You can't see it. You can't hear it. You can't smell it. Yet a biological weapon could decimate an entire city. In 1942, the United States government, sanctioned by President Franklin Roosevelt, began a highly classified program to research and develop bioweapons. It was the first in a series of steps, each motivated by fear of powerful enemies, that took the United States down a path to develop a new weapon of mass destruction. This hour for american experience offers an unprecedented look at more than two decades of closed-door meetings, secret test sites, determined scientists, and human subjects that attempted to turn some of the world's most potent germs into some of the world's most effective weapons. For more than two decades testing took place not only at Camp (and later Fort) Detrick, Maryland, the headquarters of the program, but also at sites throughout the U.S., including the streets of St.
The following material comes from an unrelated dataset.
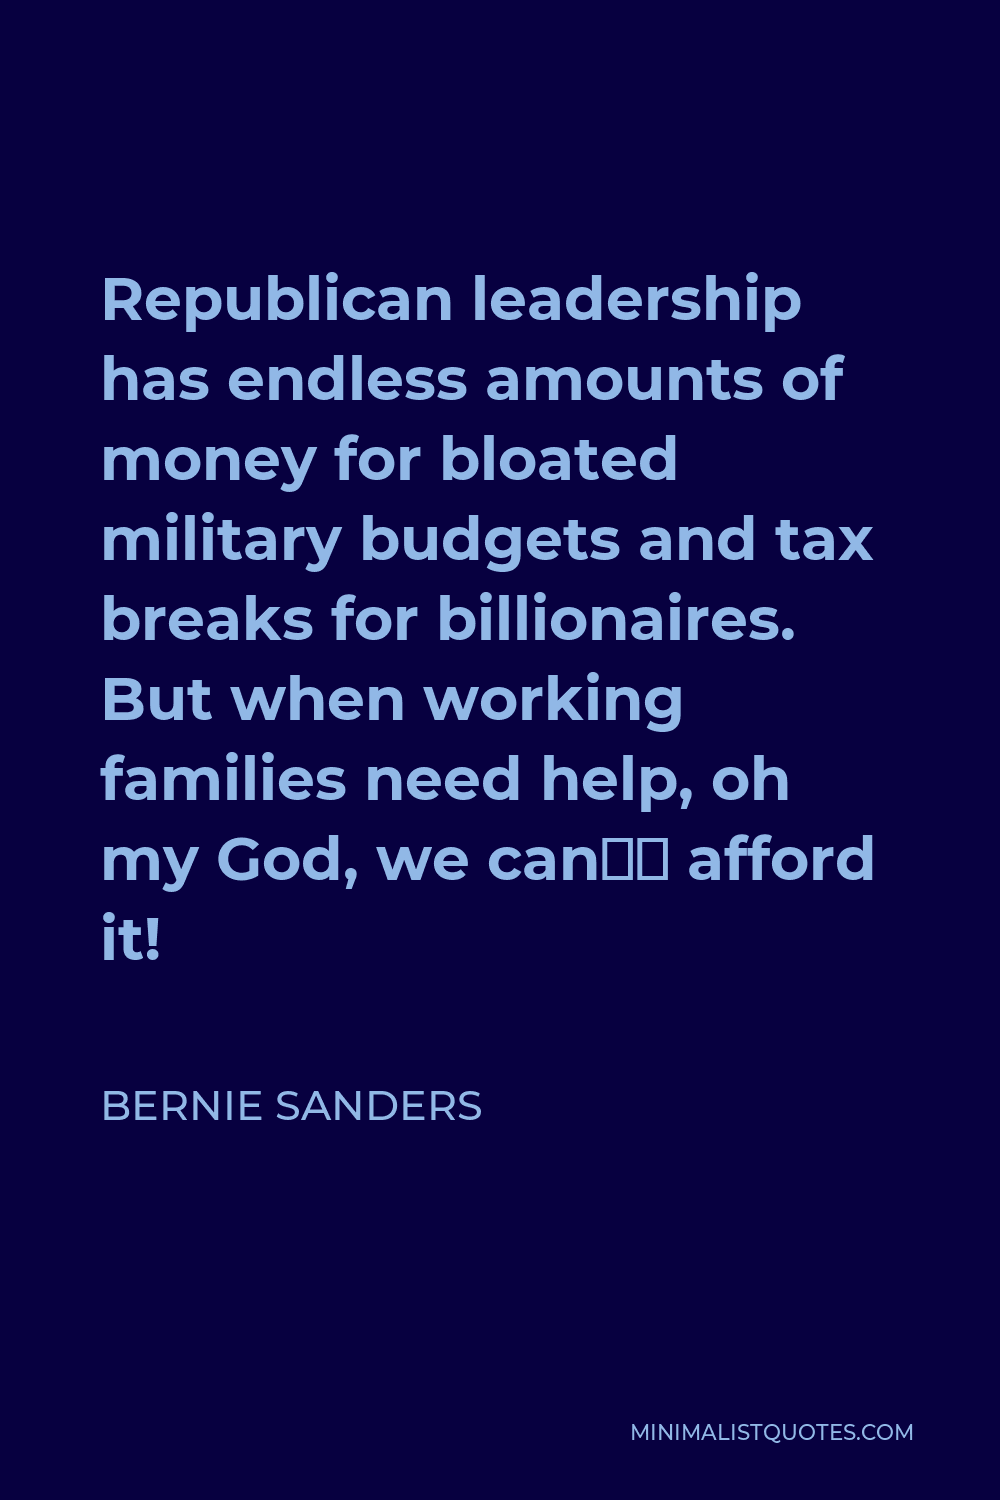 Bernie Sanders Quote - Republican leadership has endless amounts of money for bloated military budgets and tax breaks for billionaires. But when working families need help, oh my God, we can’t afford it!

Louis, the shores of San Francisco Bay, and the Utah desert. The most conclusive tests took place in 1965 near a Pacific atoll called Johnston, when a single military plane sprayed a long line of germs that cause a deadly disease, tularemia. But just four years later, the program came to an abrupt end. On November 25, 1969, President Richard Nixon made a stunning announcement: "Mankind already holds in its hands too many of the seeds of its own destruction.” While Nixon's declaration ended America's offensive bioweapons programs, military leaders and researchers had opened a door that could never be shut. "They've bequeathed on a world this knowledge," says historian Brian Balmer, "and we now have to control it and contain it and make sure the biological weapons are never used."